04/11/10 à 09:55 - Mise à jour à 09:55

L'économie américaine fait trébucher Obama

La défaite subie par Barack Obama dans le cadre des élections de mi-mandat ne doit rien au hasard. Comme il l'a souligné lui-même, c'est l'état lamentable de l'économie américaine qui l'a fait trébucher.

Les chiffres parlent d'eux-mêmes : depuis la fin 2007, les Etats-Unis ont perdu plus de 8 millions d'emplois. Un américain sur 5 est sans emploi ou avec un emploi à temps partiel. Un crédit immobilier sur 8 amène à la saisie et pire que tout, un américain sur 8 vit de bons alimentaires ! Et puis, il y a la peur, et notamment la peur du déclassement de la classe moyenne : près de 100 millions d'Américains vivent aujourd'hui avec des revenus inférieurs à ceux de leurs parents au même âge. Si on ajoute à cela, le fait, qu'au même moment, 45 Etats ont opéré des coupes claires dans des services vitaux pour les plus démunis, on comprendra pourquoi la crise a également éloigné les supporters de Barack Obama.

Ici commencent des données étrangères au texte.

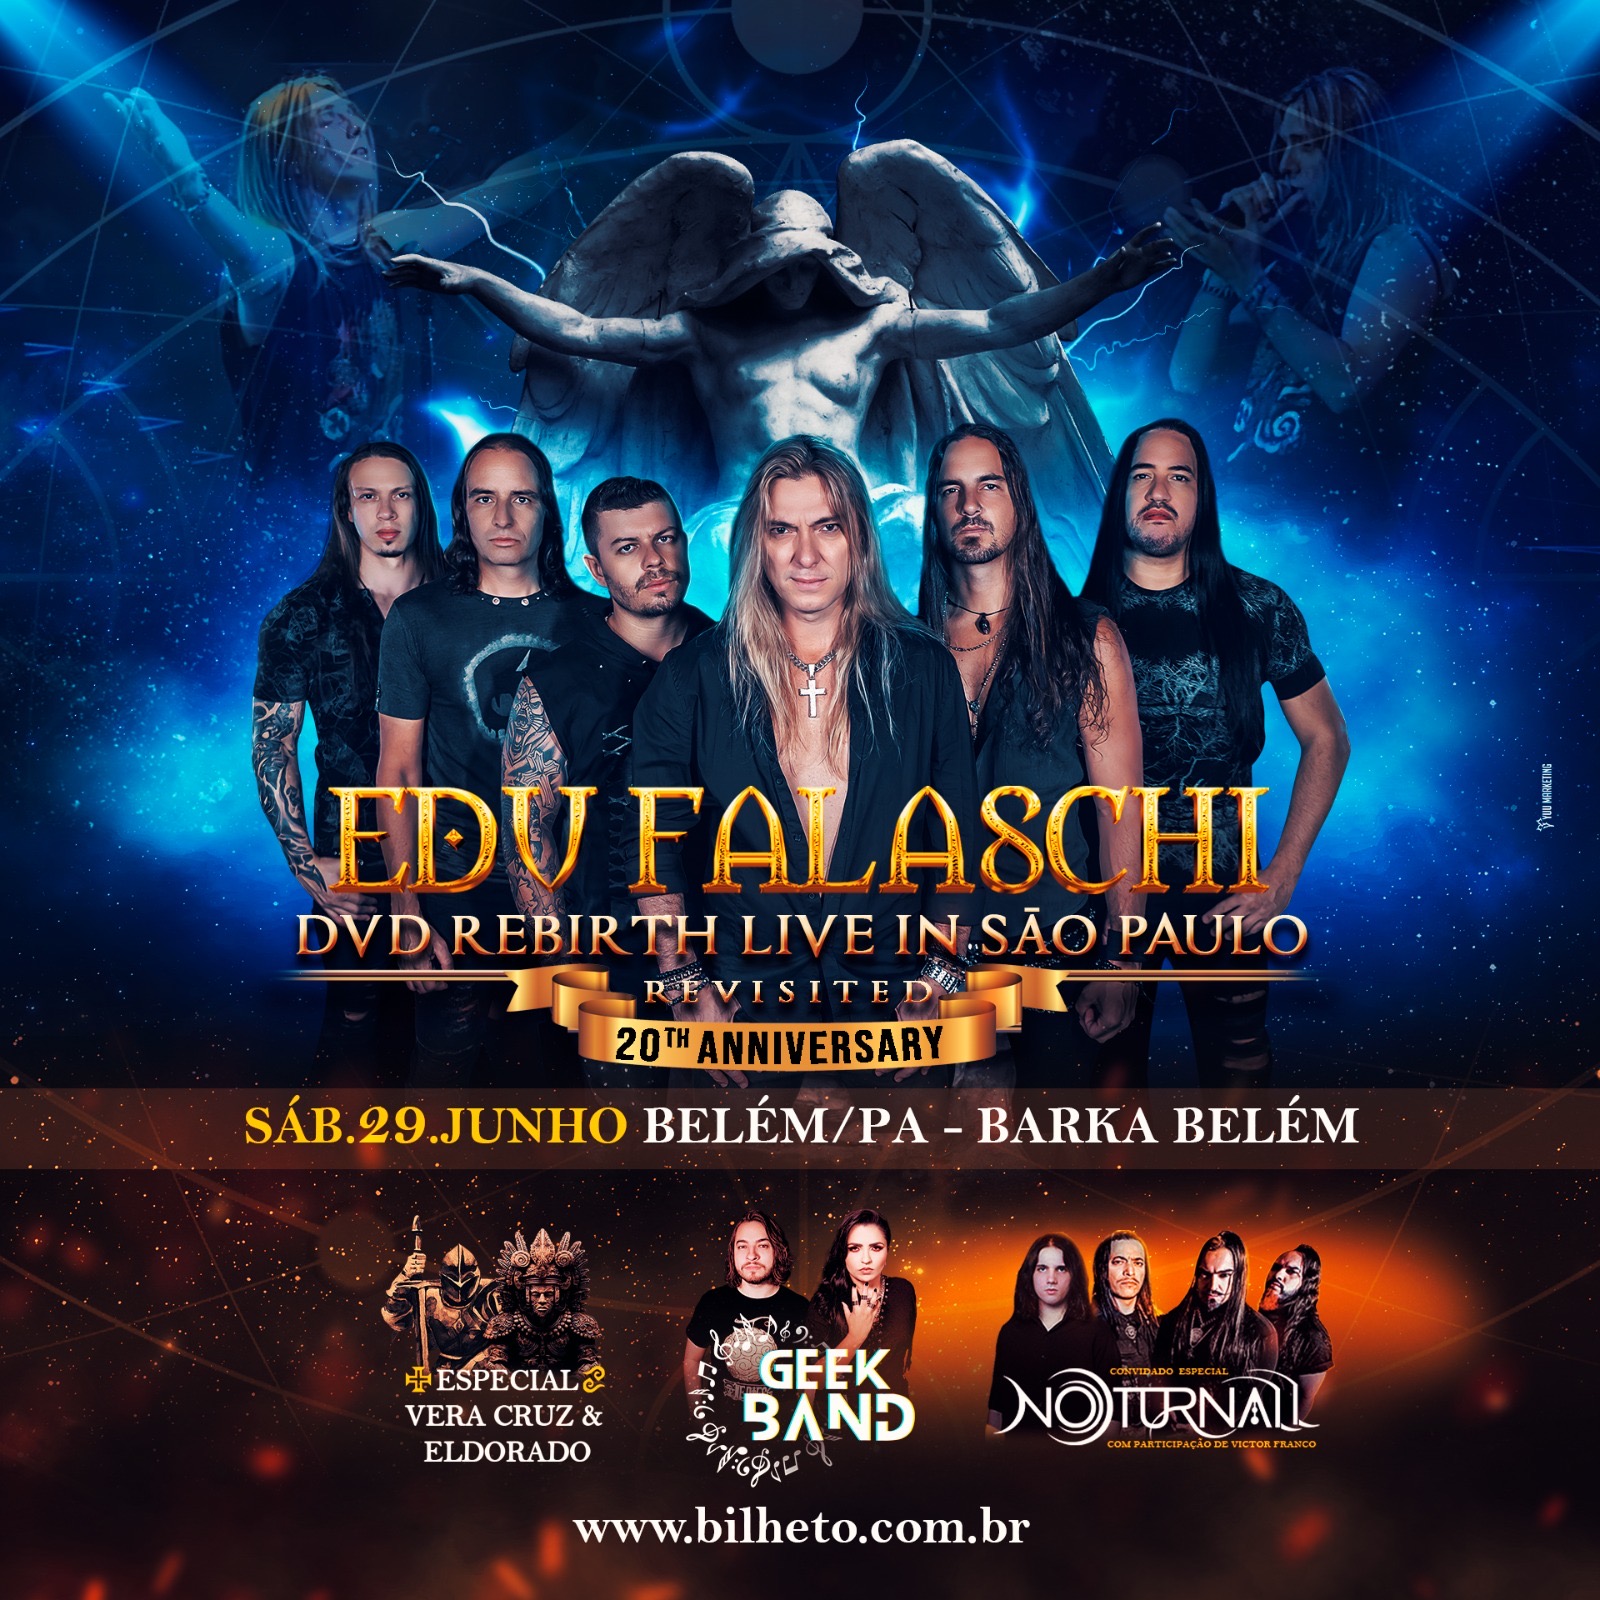 Edu Falaschi - DVD Rebirth Live In São Paulo

Obama se réveille avec la gueule de bois, mais surtout il va devoir composer. D'un côté, il y a le mouvement populaire et très réactionnaire qu'on appelle là-bas le "tea party" et qui ne cesse de diaboliser Obama. Tantôt en le traitant de musulman, tantôt de communiste, et tantôt de nazi. Autant d'insultes qui traduisent la colère et donc la peur d'une partie non négligeable de la population américaine qui croit que l'équipe d'Obama a profité de la crise pour socialiser le pays. Quand on sait qu'aux Etats-Unis, le mot "socialisme" est la pire insulte, on a compris.

Et puis, sur son aile gauche, Barack Obama est également critiqué, notamment pour être trop sensible aux lobbys bancaires. Mais il est vrai que n'importe quel locataire de la Maison Blanche n'a pas vraiment les coudées franches pour réformer. En 2009, on a dénombré plus de 13.700 lobbyistes à Washington qui ont dépensé 3,5 milliards de dollars sous forme de trafic d'influence. 13.700 lobbyistes à Washington, cela veut dire qu'il y avait 26 lobbyistes par député. Comment dans ces conditions, peut-on encore faire voter une loi sans qu'elle ne soit dénaturée ? C'est en partie à cette question là que devra répondre Barack Obama. S'il réussit, il aura le destin de Clinton et rempilera pour un second mandat. Sinon, il suivra le même chemin que Jimmy Carter : la porte de sortie et la fin d'un rêve.